Snow farming? How WV manipulates weather for winter fun

Many of us have the romantic notion that skiing is completely natural. Gliding down untouched slopes– nothing could be more simple and pure than that, right?

Well, not so much.

The reality is that most downhill skiing takes quite a bit of human development for us to enjoy. And we really don’t think much about the most profound part of altering nature for skiing– most resorts actually produce and process the very snow that lays on their slopes.

Massive snow machine blowers convert water into snow, and then pack this snow down with groomers to give skiers a consistent base to enjoy.

All of West Virginia’s major ski resorts can make their own snow. Winterplace and Snowshoe, for example, can cover 100% of their slopes with manmade snow; using millions of gallons of reservoir water, and pumping out more than 7,000 gallons of snow per minute onto the slopes.

That’s pretty impressive. But there’s another, more simple technique, too.

It’s called ‘snow grooming.’ This is even more of an art, according to Chip Chase of White Grass cross country ski resort near Elkins.

Although White Grass does not have snowmaking machines, they are able to gather, spread out and groom snow on their runs. They can turn a snowstorm as minor as 2 inches into an extra 2 feet of snow on the trails!

How do they do this? By manually shoveling all that snow? Sometimes it comes to that, but the true key to this is “snow farming,” as Chase calls it.

Snow farming is an elaborate system of lightweight, movable fences. The high country of White Grass gets a lot of snow and even more wind; placing fences in the right places actually results in huge, manmade snowdrifts that save up snow to cover the 35 miles of trails.

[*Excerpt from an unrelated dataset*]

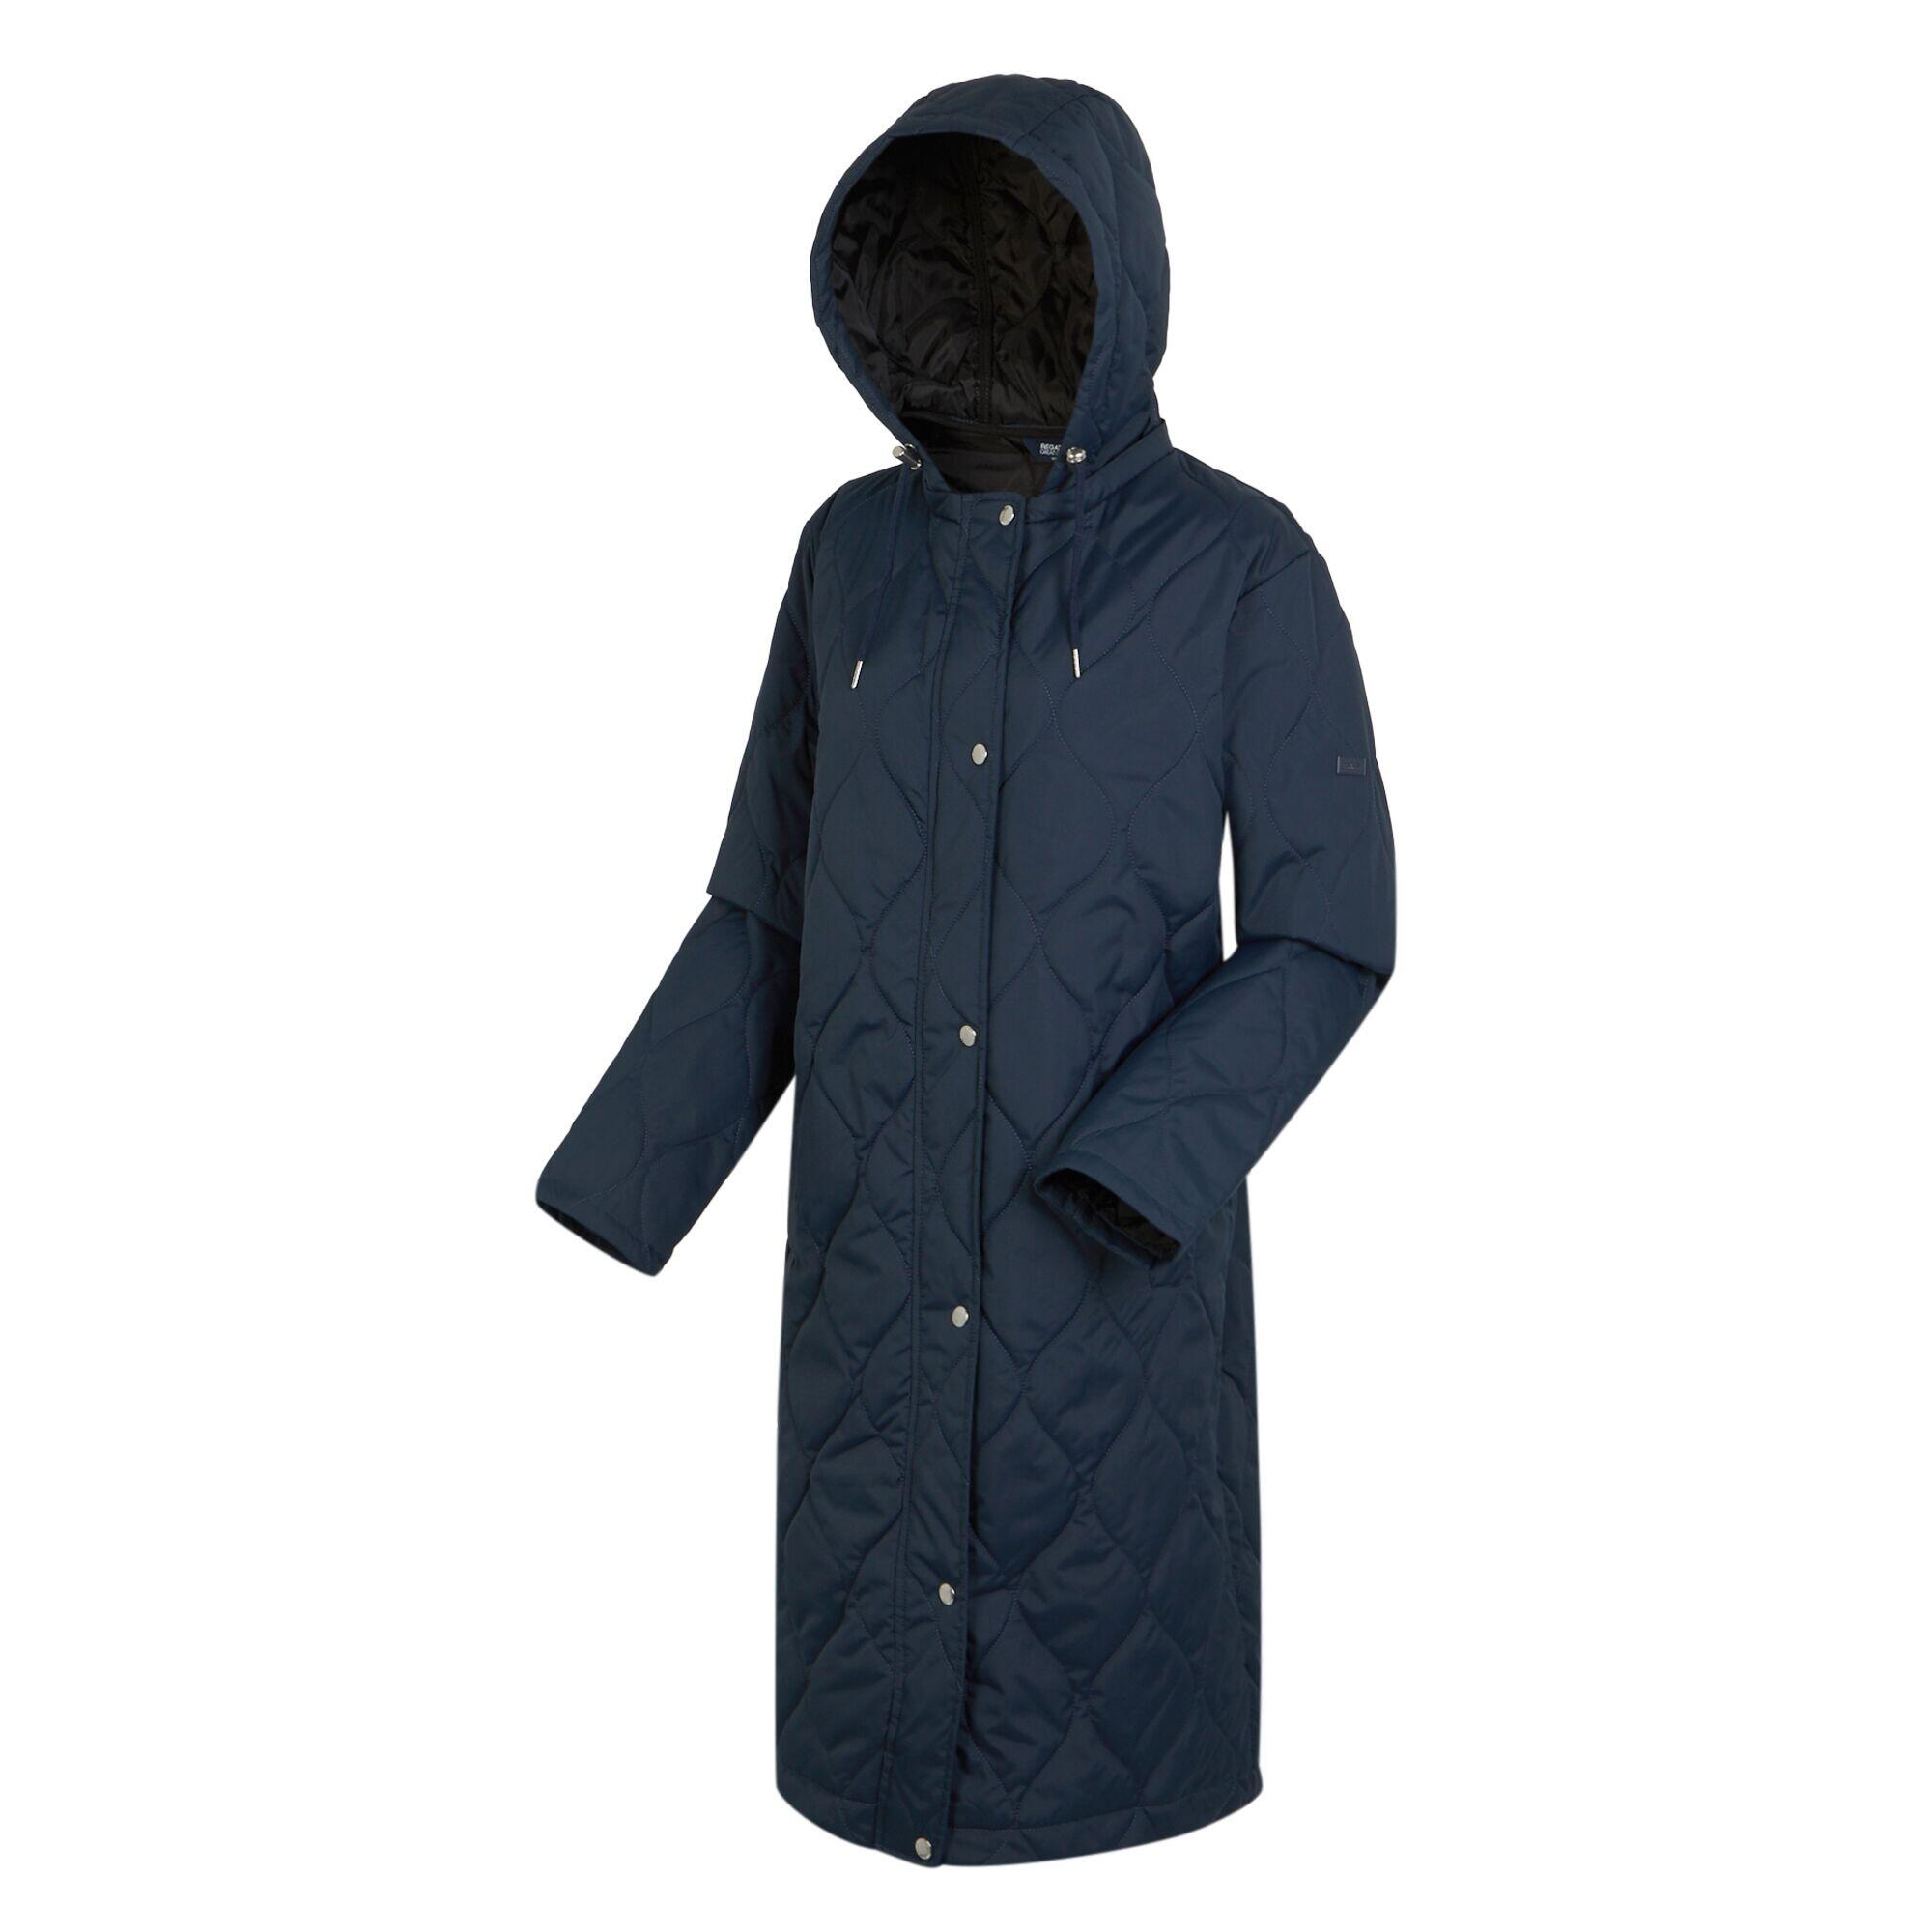 Womens/Ladies Jaycee Quilted Hooded Jacket (Navy/Black) 4/5

It’s hard work for Chase’s crew of snow farmers– there are thousands of feet of fences, and often these need to be moved to catch the right wind pattern in cold, blizzard conditions.

After moving fences, the snow farmers embark in their fleet of groomers along prepared trails, which have been meticulously engineered to harness sun/shade, wind exposure and water drainage.

First, they tow rollers behind snowmobiles, compacting the snow into the same bases that downhill resort skiers enjoy.

Then, as a final touch, they drag trackers over the groomed trails, which leave pre-cut cross-country ski-sized tracks. Anyone who has had to break their own trail through fresh snowfall knows how nice that touch is!

This snow farming is a complicated process, but take a jaunt across a White Grass trail and you’ll see that these guys know what they’re doing.

“We’ve had many visiting skiers compare us to out West, New England, and even Europe,” Chase said.

Not all of our snow comes from heaven here, but it has never been debated that West Virginia winter is “almost heaven” for skiing. Whether you are kicking across the cross-country courses of White Grass or shredding down the slopes of Snowshoe, you’ll love our snow. It’s the perfect combination of nature and manmade ingenuity.

Now go out and play!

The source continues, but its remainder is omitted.